PIAC Chief Executive, Edward Santow, said court action was taken to ensure RailCorp complied with its obligations under the Disability Standards for Accessible Public Transport 2002. He said Mr Innes, who is blind, is entitled to use public transport services without discrimination. ‘Audible train announcements are crucial because they allow passengers with vision impairment to know they are getting off at the right station,’ Mr Santow said.

Mr Innes, who is the Disability Discrimination Commissioner, took the case in his private capacity. ‘All I wanted was for RailCorp to do what they do for everyone who is able to read print. That is, tell me where I am,’ he said.

www.piac.asn.au

STATUTORY ADVOCACY

Each state and territory in Australia has an independent statutory body charged with promoting the rights and protects the interests of people with impaired decision making ability through guardianship, advocacy and education as the legally appointed substitute. In NSW, under the Guardianship Act 1987, the Guardianship Tribunal or the Supreme Court can appoint the NSW Public Guardian or the NSW Trustee and Guardian to take action and make decisions as guardians, legally the same as if the person under guardianship had made them themselves.

Working with people with disability such as dementia, intellectual disability, brain injury or mental illness, the NSW Public Guardian is only appointed when there is no other person able to take on the role, and advocate at individual and systemic levels on behalf of people with impaired decision-making capacity.

Liam was in his early 30’s and an inpatient in a psychiatric hospital when he first came under guardianship in 2005. He has a range of cognitive difficulties including alcohol related brain injury, chronic disorganised schizophrenia and polysubstance abuse. He had several admissions to psychiatric units and had been homeless over the years.

Liam was transferred to another mental health unit in the Illawarra region in 2007. In 2010 staff began to develop a graduated discharge plan for Liam involving increasing periods of trial leave at a group home managed by the hospital. However, Liam became very unwell and was physically intimidating to others. The trials have shown that Liam cannot manage in the community without an individualised model of support.

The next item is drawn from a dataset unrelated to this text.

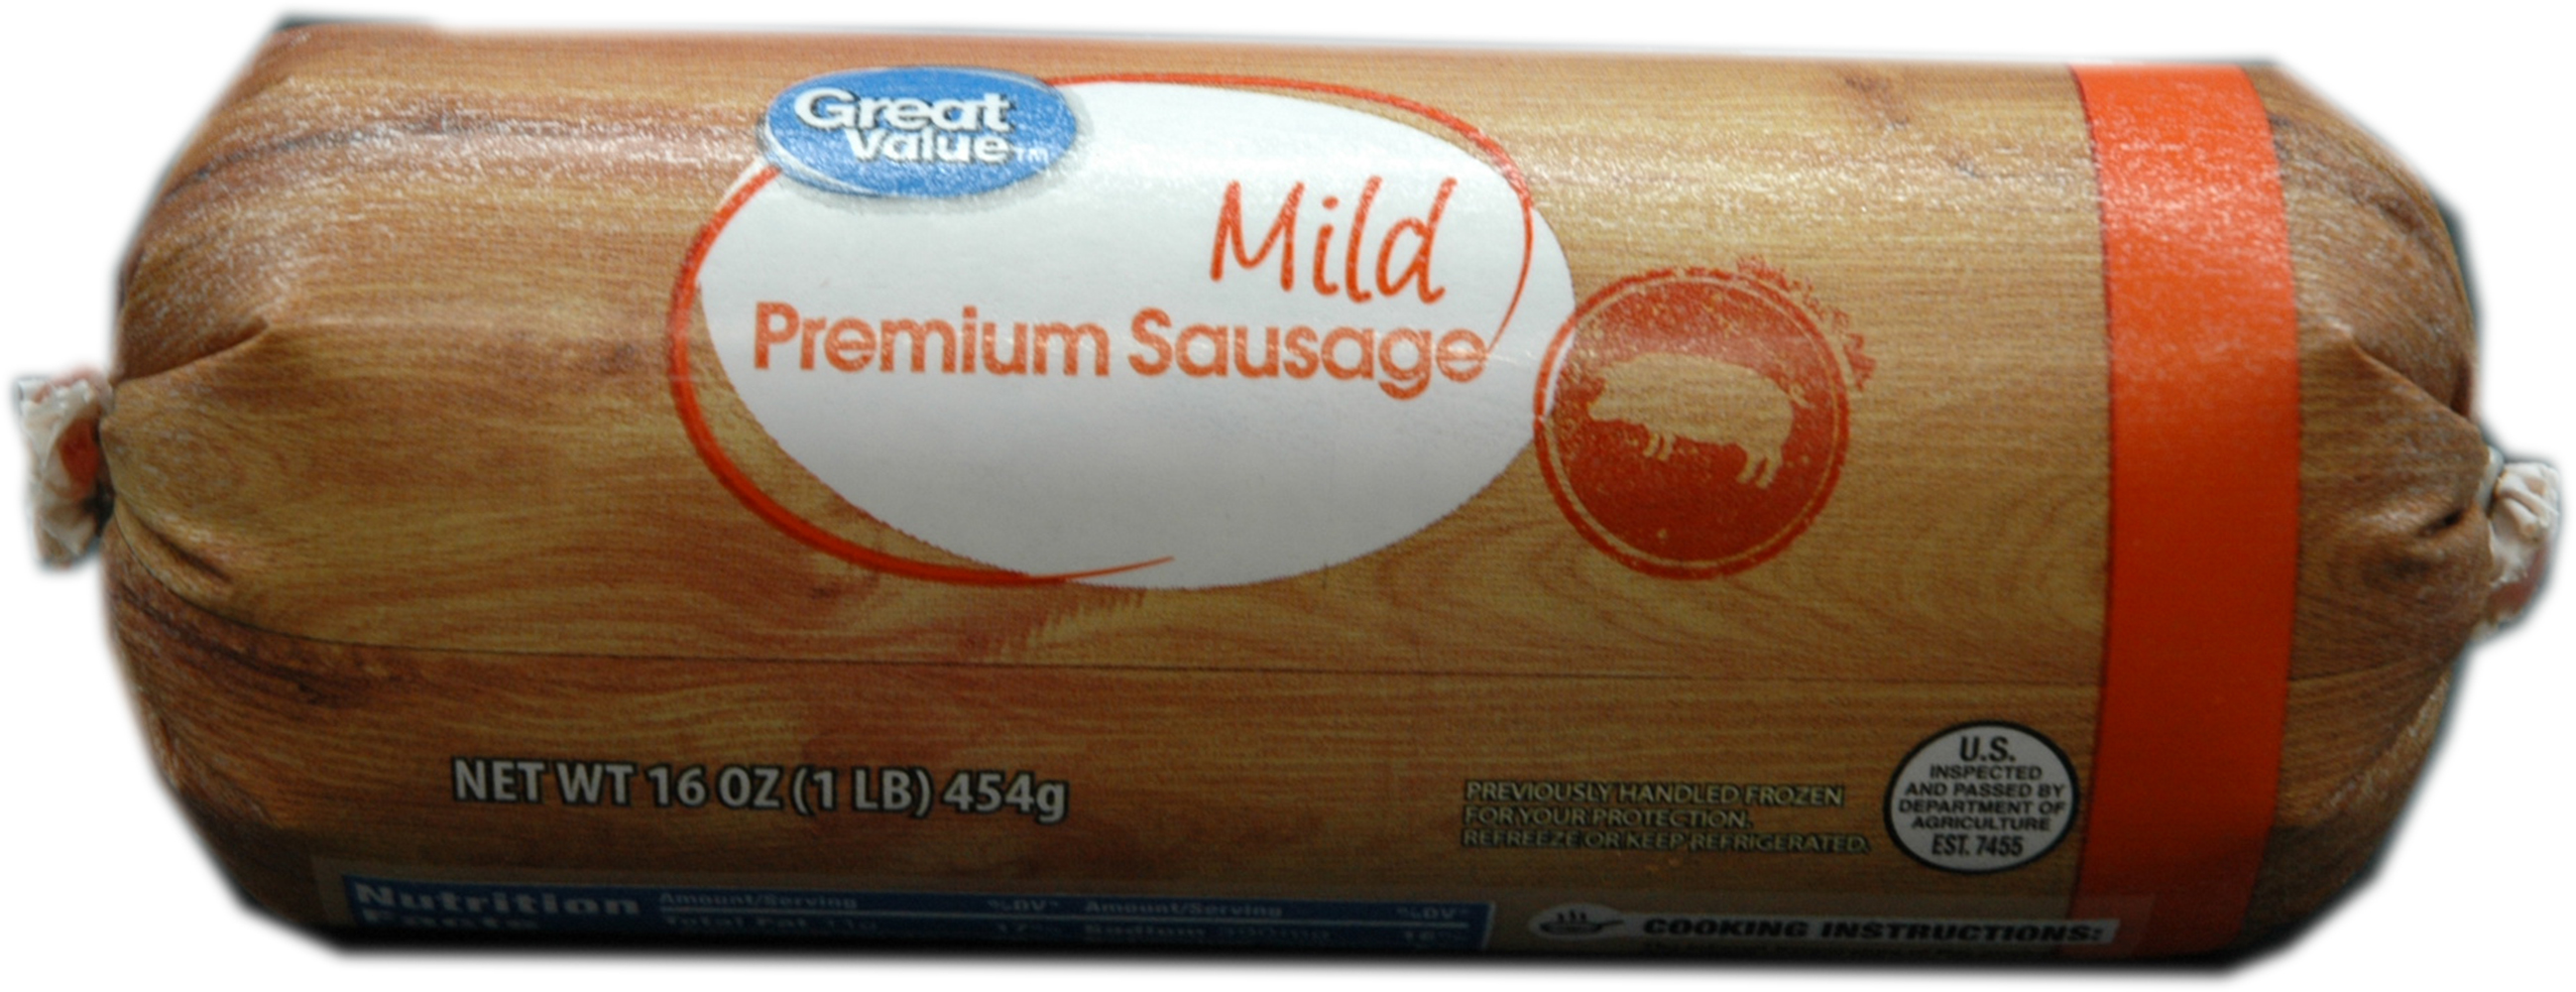 Great Value Mild Pork Sausage, 16 Oz. Image

Liam’s status has changed from involuntary to voluntary, but there are no plans for his discharge in the foreseeable future, due to a lack of suitable accommodation options.

We’re hopeful the Ombudsman’s inquiry will shine a light on the lack of community accommodation for people like Liam. Article 19 of the UN Convention on the Rights of Persons with Disabilities states that people with disability have the “right to live in the community, with choices, full inclusion, participation and enjoyment equal to others”.

There are many more people just like Liam who remain in hospital.